I *HATE* having to come after you like this...you should be more forthcoming & willing to divulge information with us!!!!!


----------



## Pidgey (May 20, 2005)

'Cuz ifn' ya' ain't 'fessed up by sundown tomorra', we're gittin' a posse togedder' and a'comin' after ya'!

Pardner Pidgey


----------



## Pigeonpal2002 (Jul 27, 2002)

Give him hell, Pidgey


----------



## mr squeaks (Apr 14, 2005)

Mmm, I've been wonderin' the same thing, y'all!

Looks like there may be more than a couple of "hellin's" goin' down!

OF COURSE, *ASKIN' NICELY* MAY BE BETTER THAN ALL THE MALE POSTURIN'...

Pleeeease, Mr. Jimmy? We shore would like to hear from you VERY MUCH! THANK YOU!     

Love and Hugs from Ms. Shi
... and the rest of the forum


----------



## jimmyrenex (Mar 27, 2005)

LOL
  
Hey Folks....
It has been a long time... But I promise, I have been thinking about you guys and the forum.
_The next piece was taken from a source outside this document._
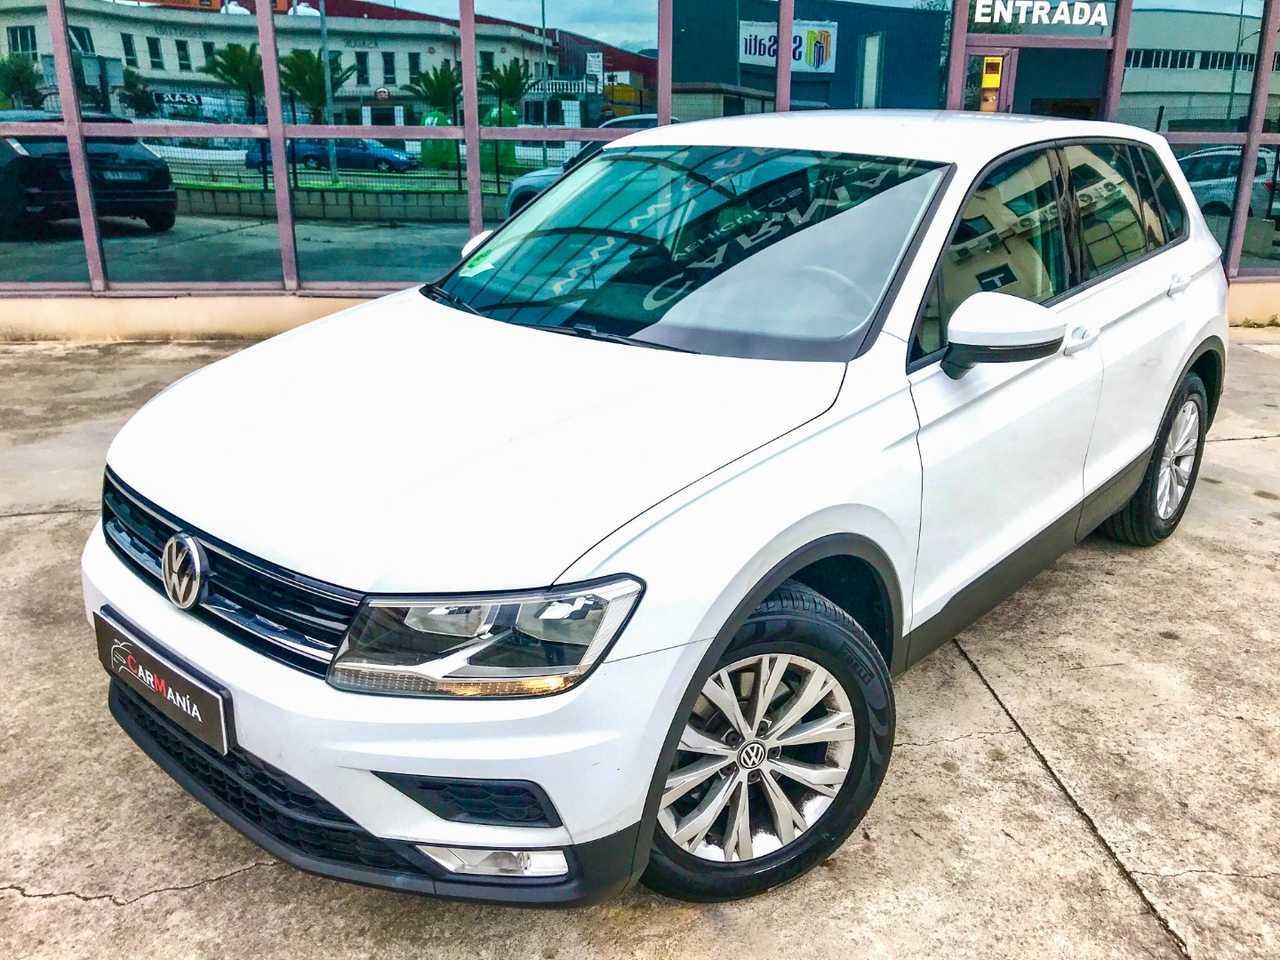 Volkswagen Tiguan 2.0 TDI BLUEMOTION  - Foto 1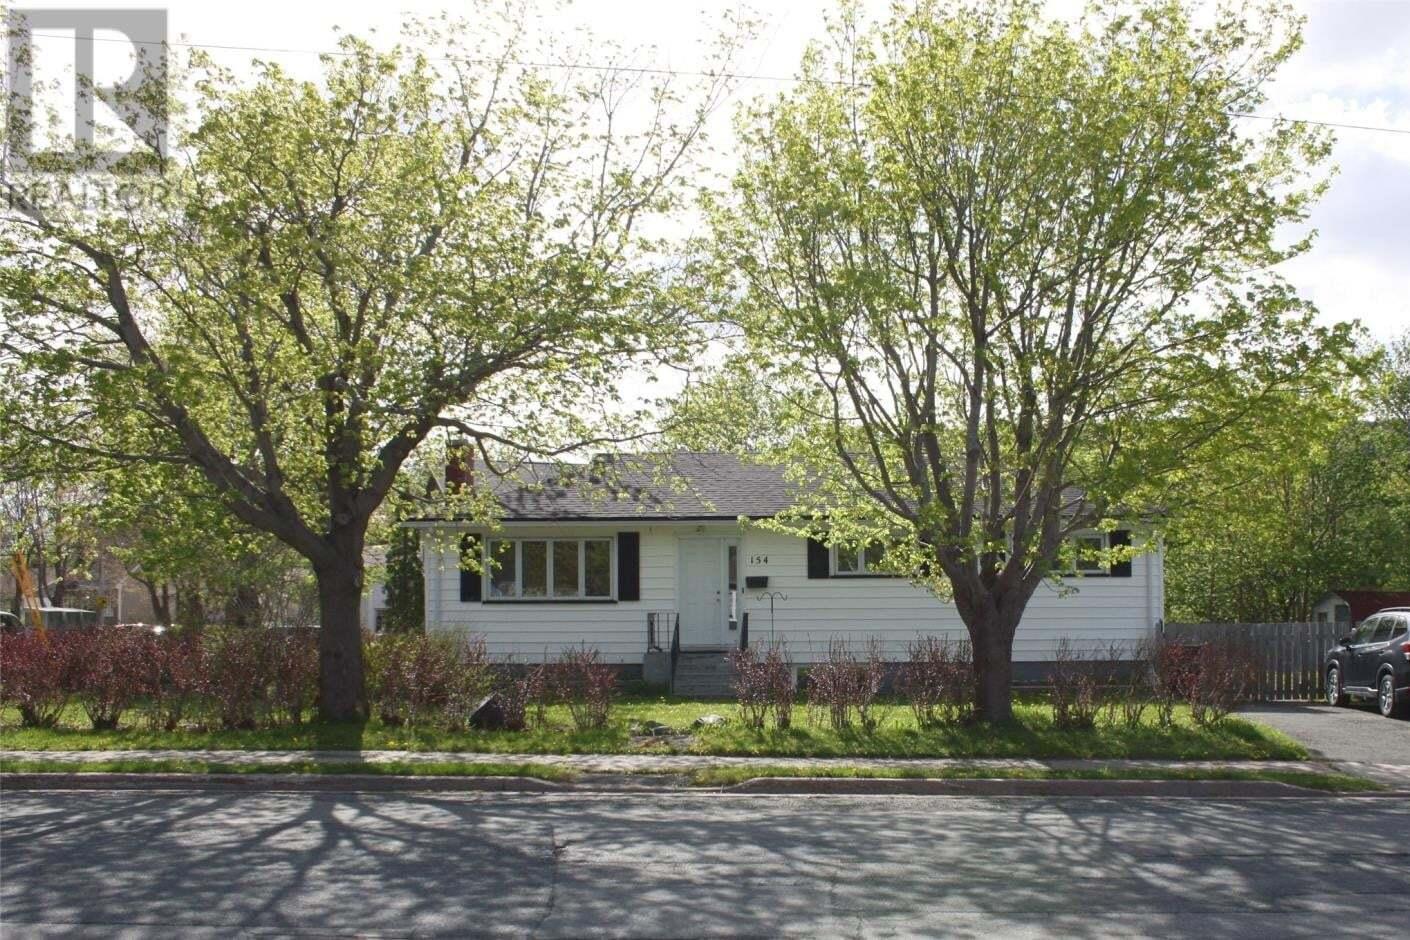 House for sale at 154 University Ave St. John's Newfoundland - MLS: 1214683

I will be taking some pics soon and be posting them soon....
Hissy is still doing great!!!! He is very content in the barnyard. Being wild, he seems to be able to handle these cooler temperatures with ease. Pics to come soon! Promise!


----------



## Maggie-NC (Jun 22, 2005)

Hi Jimmy

Great to see you again! We've missed you and your critters.


----------



## Whitefeather (Sep 2, 2002)

Thanks for the update Jimmy.  
Glad to hear all is well with you & your barnyard buddies.  

Cindy


----------



## Pigeonpal2002 (Jul 27, 2002)

Hey Jimmy, 

Finally, an update! I'm glad to hear all is well with you and the critters and Hissy of course Looking forward to seeing the new pictures when you get them up for us


----------



## Skyeking (Jan 17, 2003)

Hi Jimmy,

glad to SEE  you posting.

Please update us with some nice pictures, when you get a chance.

Thanks


----------



## jazaroo (Jan 1, 2006)

Hey Jimmy,

Good to see you posting again.

Thanks for the update, glad to hear Hissy is doing well, and will wait for pictures.

All the best,

Ron


----------



## feralpigeon (Feb 14, 2005)

Hi Jimmy, glad to hear all is well and a new batch of pictures is on the way .

fp


----------



## Pigeonpal2002 (Jul 27, 2002)

Hey Jimmy, 

Don't forget to include any interesting things Hissy might have done or has done since you updated us last time Do you have any suspicions on whether or not Hissy is male or female yet? Can't wait for the pictures


----------



## mr squeaks (Apr 14, 2005)

*THANK YOU, JIMMY FOR THE UPDATE! WE LOOK FORWARD TO PICTURES AND MORE BARNYARD UPDATES!!*    


*(please note that Jimmy posted AFTER I had asked nicely! So  Brad and Pidgey...)*


----------